Innovation's Dirty Little SecretJeneanne Rae
Recently I spoke with a group of executives from a $3 billion division of a large industrial company. They were faced with a mandate from the chief executive to expand the firm's service revenue from 20 percent to 33 percent. That's almost $400 million in new revenue, yet when I asked how many people were on the team, the leader replied meekly: "Two."
This isn't good enough—and yet it's a systemic problem for those looking to implement innovation initiatives, particularly within large organizations. The fact is, the days when innovation was focused primarily on technological breakthroughs and new product development are gone. Fast-paced environmental shifts require constant change in systems, people, and processes. Organizational flexibility and agility are now critical capabilities for any corporation trying to lead. So any executive looking to innovate needs to invest significantly in a way to support the change needed to make that revenue become a reality.
Here are a couple of examples of different ways companies have done just that.
Heather Wilson, vice-president for innovation and information strategy at Kaiser Permanente, conceived and implemented a unique new stage for service innovation at the company's Garfield Innovation Center in San Leandro, Calif. Recently, she explained to me that when a promising innovation project is about 50 percent complete, she brings together representatives from information technology, patient services, and facilities management to assess how to scale it across the company's vast system.
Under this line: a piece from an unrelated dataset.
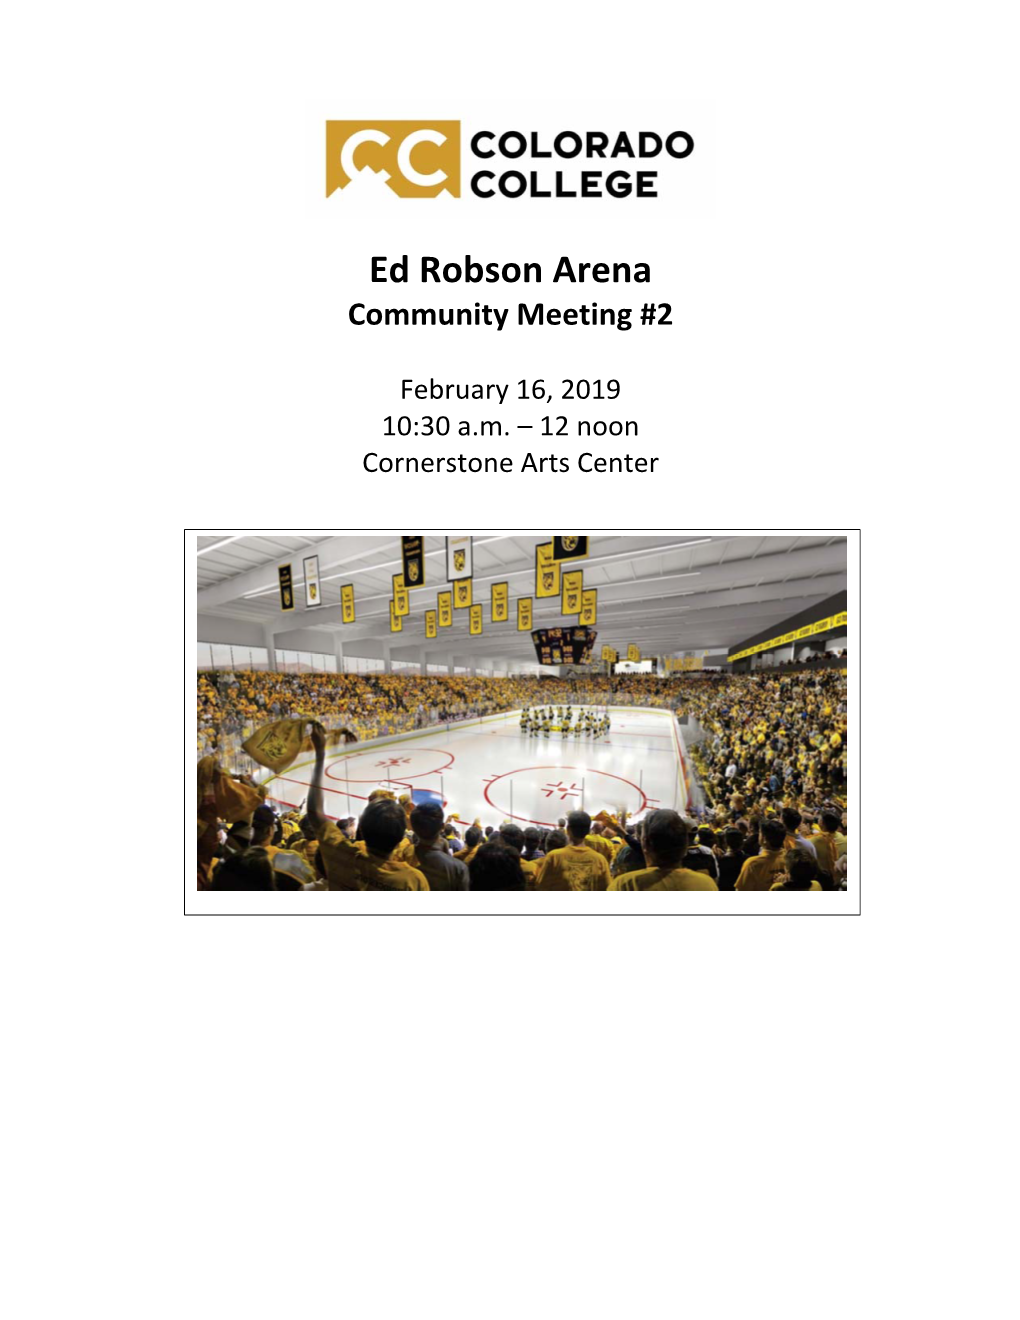 Ed Robson Arena Community Meeting #2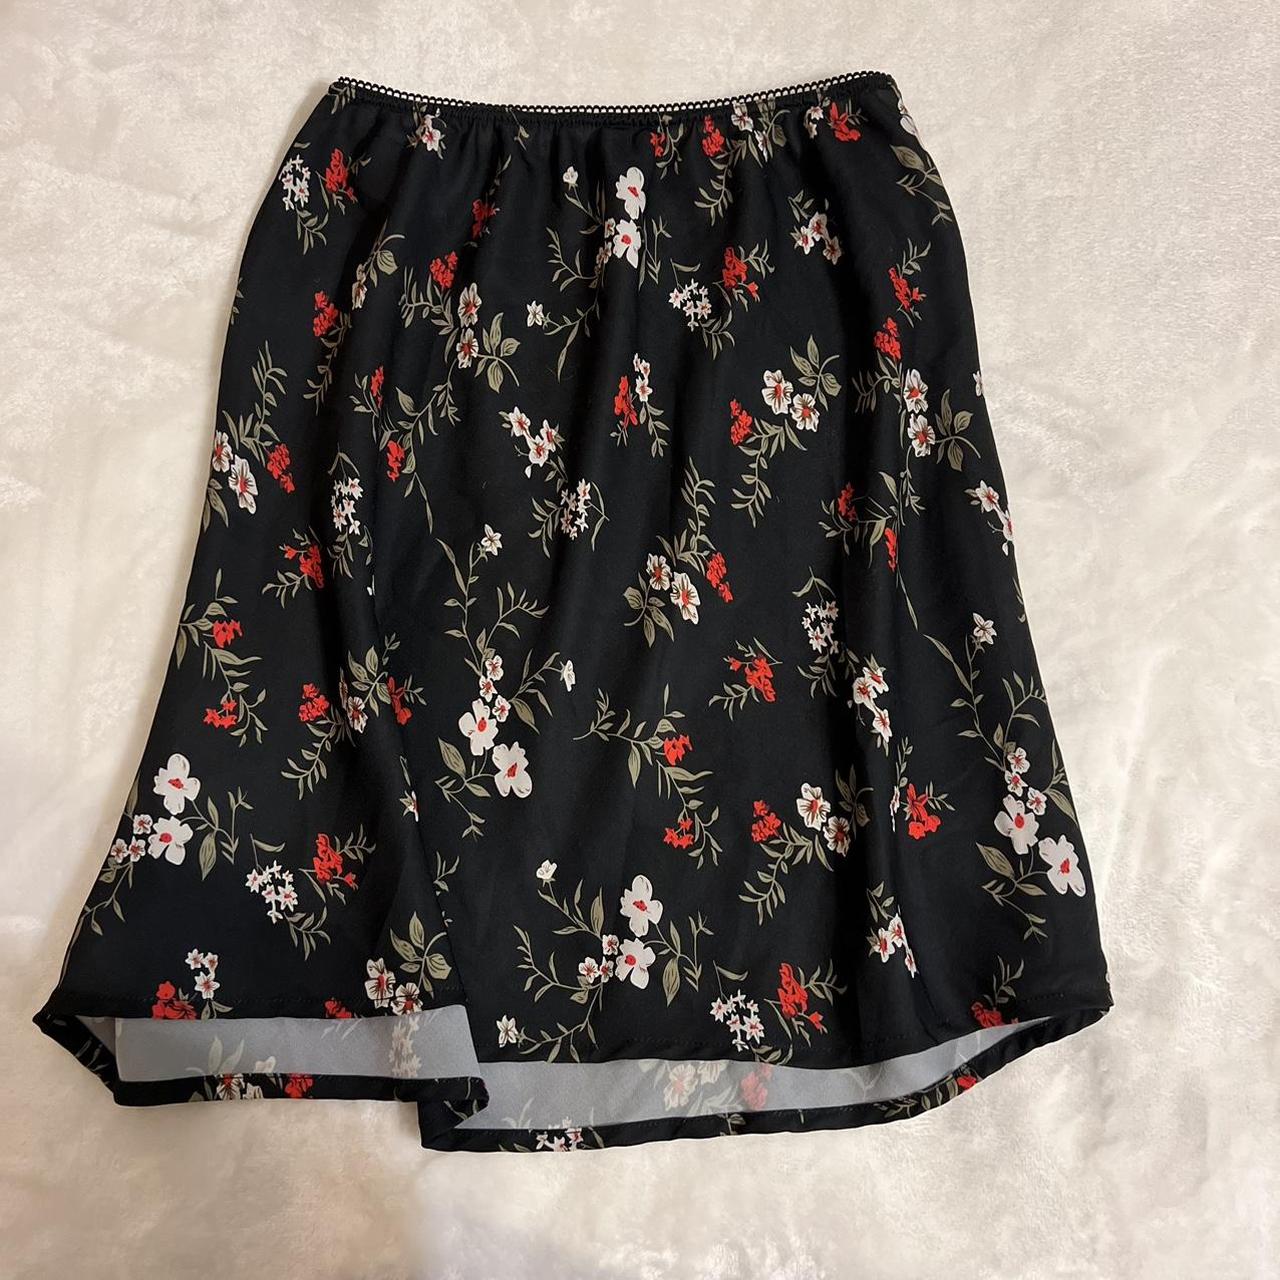 Black Floral Skirt 🥀 - size S - silky, lightweight,... - Depop

By evaluating the "O-Gap"—that is, the space between pilot and operations—this group takes into consideration everything from process realignment to environmental modifications, as well as the training requirements needed to foster wide adoption of the change. "We introduced the O-Gap concept in 2009," she told me. "Now everyone knows what this stage entails, and it is a permanent part of our innovation process. Not all projects get through the O-Gap, but we are proud to say that many of the ones that have account for some of our most significant successes to date."
For example, a project called Hospital Capacity Grid allowed Kaiser to see the capacity of its emergency room departments in real time. First, the idea was prototyped in one facility. Once an IT system was in place to flow the data to other hospitals, and hospital executives saw the benefits of the project (which allowed them to manage the flow of patients and ambulances), it was rolled out across all of Kaiser's hospitals in Northern California.
Kaiser Permanente's management team also understands the need to enroll stakeholders as part of fostering change. In the first quarter of 2011, it is set to open the KP Center for Total Health at the Capitol Hill Medical Center, two blocks from the Capitol building in Washington, D.C. The new facility will provide demonstrations of "total health" concepts to help foster a national health-care conversation. The center will be open to the public, while Kaiser's government relations team will engage policymakers who usually play with concepts only on paper. Now they'll get to experience the power of prototyping within walking distance of their offices.
IBM Walks the Talk
Rosabeth Moss Kanter's October 2009 Harvard Business School case study, "IBM in the 21st Century: The Coming of the Globally Integrated Enterprise," details many acts carried out by the leadership team during the company's fabled transformation from a product to a service company. Executives were prepared to put big money where their mouths were when it came to supporting service-based ideas, such as "Innovation Jam," or such businesses as "On-Demand" software, and strong messages about the importance of services were sent. According to Kanter, jobs in relationship management now surpass those in division-based P&L management as the highest-status positions within the global juggernaut. That in itself makes a significant statement about how IBM sees itself evolving.
I love these examples of how large companies have confronted the need for proactive change management activities. Senior leadership has brought creativity and commitment to the challenge, and they display a deep understanding of the operational realities of making something new scale quickly.
Here are few other suggestions to help executives move the notion of change from an afterthought when innovating to a bona fide step in the process:
Co-create the vision with a multifunctional team.
Internal workshops—where formalities are loosened and new possibilities can be aired with the members of your organization who will ultimately be responsible for taking an innovation to market—are a great way to spot potentially lethal gaps in your concept.
Understand the operating complexity of a new service or solution by looking at other companies that are delivering something similar. What do their balance sheets tell you? If you go down this path, will you need to invest resources in technology or human capital? What can you learn about their revenue drivers that you can also apply to your own set of assumptions?
Reinvent the concept of the core team.
Core teams responsible for delivering innovation are normally populated with representatives from marketing, R&D, and manufacturing (for new products) or information technology (for services.) Adding a few fresh faces from human resources, organizational development, or finance will widen the lens and invigorate the discussion.
The imperative for change should not be innovation's dirty little secret. Let's get this concept out of the closet and make it a main part of this conversation.